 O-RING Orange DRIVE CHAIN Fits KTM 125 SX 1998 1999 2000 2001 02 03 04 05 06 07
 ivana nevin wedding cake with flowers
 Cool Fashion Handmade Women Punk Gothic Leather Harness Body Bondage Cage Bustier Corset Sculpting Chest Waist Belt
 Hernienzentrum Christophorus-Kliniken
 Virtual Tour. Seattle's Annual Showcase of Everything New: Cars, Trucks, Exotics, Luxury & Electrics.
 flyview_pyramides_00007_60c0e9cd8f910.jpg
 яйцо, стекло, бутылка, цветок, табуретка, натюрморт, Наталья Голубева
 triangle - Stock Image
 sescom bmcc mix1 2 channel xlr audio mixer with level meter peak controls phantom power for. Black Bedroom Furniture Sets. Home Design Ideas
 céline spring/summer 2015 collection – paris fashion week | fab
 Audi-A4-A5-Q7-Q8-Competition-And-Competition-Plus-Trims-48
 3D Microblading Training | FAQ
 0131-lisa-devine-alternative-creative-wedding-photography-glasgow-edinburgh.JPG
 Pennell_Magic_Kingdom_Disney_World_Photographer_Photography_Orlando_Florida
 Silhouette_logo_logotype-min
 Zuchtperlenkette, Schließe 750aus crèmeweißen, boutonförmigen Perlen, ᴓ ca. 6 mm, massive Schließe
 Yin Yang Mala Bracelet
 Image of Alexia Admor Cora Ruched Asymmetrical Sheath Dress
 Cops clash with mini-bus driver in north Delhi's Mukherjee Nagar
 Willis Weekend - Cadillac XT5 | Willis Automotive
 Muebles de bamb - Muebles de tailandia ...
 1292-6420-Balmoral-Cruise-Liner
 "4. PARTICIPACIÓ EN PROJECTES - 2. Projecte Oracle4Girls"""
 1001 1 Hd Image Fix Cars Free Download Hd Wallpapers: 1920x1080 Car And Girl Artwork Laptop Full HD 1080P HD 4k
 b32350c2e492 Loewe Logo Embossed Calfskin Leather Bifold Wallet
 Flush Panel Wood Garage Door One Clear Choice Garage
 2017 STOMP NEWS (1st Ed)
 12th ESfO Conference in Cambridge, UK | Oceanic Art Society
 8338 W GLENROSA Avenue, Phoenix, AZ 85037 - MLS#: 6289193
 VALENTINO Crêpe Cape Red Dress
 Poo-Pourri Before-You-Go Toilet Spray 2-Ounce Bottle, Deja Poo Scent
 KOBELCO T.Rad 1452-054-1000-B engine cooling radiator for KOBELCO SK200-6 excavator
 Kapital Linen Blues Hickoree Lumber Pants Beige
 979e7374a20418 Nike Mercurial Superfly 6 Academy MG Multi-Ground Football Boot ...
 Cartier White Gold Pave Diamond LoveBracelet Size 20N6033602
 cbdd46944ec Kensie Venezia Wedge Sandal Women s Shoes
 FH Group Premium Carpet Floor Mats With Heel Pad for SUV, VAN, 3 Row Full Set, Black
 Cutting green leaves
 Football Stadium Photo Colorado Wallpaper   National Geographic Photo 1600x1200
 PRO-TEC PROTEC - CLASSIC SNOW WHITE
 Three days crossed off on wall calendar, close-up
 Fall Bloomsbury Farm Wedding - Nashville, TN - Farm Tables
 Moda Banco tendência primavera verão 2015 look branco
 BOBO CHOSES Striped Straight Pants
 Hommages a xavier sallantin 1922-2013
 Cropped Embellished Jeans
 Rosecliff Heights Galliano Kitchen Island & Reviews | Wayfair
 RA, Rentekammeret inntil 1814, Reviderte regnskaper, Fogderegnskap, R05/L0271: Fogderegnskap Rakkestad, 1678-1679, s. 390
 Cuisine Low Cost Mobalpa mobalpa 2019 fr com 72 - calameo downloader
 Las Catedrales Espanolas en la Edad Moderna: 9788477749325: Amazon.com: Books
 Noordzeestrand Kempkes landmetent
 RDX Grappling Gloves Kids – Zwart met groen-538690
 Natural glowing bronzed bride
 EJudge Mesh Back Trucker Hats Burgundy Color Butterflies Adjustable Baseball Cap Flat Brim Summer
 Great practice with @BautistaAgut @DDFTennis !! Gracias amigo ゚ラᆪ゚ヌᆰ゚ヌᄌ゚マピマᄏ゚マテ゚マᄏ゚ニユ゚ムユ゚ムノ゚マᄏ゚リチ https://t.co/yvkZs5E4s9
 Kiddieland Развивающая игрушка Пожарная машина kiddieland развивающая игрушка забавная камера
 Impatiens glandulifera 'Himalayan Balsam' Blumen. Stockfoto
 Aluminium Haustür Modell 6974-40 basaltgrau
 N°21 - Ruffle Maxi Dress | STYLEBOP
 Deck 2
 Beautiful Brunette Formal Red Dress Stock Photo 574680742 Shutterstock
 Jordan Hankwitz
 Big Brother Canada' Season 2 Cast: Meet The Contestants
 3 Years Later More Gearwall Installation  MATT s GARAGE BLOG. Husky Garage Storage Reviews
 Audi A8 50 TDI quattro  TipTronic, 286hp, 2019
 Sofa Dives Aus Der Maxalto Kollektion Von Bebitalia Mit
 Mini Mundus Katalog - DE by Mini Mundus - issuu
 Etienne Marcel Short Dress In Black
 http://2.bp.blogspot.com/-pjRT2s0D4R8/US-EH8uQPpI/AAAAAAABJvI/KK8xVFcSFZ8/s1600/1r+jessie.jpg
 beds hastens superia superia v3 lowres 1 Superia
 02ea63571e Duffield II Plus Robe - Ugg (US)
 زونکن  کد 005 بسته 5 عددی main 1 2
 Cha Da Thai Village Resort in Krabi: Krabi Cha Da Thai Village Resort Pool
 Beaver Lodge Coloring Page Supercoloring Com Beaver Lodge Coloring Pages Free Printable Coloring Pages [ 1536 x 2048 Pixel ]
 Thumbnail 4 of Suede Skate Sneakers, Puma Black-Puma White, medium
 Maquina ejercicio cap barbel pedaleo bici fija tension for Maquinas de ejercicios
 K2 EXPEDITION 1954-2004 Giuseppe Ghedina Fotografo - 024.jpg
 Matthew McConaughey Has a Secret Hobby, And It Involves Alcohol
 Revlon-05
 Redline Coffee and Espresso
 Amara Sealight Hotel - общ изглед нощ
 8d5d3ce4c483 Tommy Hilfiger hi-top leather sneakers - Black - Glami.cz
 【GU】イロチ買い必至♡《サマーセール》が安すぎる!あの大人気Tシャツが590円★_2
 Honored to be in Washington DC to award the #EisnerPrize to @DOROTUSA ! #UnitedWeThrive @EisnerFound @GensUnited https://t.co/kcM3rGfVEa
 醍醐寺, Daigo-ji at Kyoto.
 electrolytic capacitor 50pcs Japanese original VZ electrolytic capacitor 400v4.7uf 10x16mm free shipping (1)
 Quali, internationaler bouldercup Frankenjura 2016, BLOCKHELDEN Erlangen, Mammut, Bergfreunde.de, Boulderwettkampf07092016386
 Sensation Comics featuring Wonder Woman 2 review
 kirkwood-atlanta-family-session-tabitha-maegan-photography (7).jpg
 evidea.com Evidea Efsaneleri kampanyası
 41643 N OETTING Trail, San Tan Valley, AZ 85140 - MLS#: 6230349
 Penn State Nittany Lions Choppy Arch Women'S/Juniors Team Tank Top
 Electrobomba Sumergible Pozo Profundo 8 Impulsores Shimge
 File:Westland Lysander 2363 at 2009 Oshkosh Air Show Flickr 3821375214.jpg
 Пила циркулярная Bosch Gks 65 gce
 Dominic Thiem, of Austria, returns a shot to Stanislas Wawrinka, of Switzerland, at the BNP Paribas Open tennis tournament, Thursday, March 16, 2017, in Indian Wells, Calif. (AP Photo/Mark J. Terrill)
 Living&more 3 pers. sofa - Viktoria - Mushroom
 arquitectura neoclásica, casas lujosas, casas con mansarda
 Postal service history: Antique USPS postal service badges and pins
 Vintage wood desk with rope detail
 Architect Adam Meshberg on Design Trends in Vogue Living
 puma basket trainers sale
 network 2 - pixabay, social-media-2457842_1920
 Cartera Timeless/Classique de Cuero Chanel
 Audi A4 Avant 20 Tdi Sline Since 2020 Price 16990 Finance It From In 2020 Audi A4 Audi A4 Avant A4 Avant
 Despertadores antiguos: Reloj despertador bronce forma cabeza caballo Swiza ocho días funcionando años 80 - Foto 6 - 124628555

Task details - Look through the material above and print exactly the lines from the one containing "Dominic Thiem, of" to the one containing "arquitectura neoclásica, casas", both included, and nothing more.

Solution to the exercise -
 Dominic Thiem, of Austria, returns a shot to Stanislas Wawrinka, of Switzerland, at the BNP Paribas Open tennis tournament, Thursday, March 16, 2017, in Indian Wells, Calif. (AP Photo/Mark J. Terrill)
 Living&more 3 pers. sofa - Viktoria - Mushroom
 arquitectura neoclásica, casas lujosas, casas con mansarda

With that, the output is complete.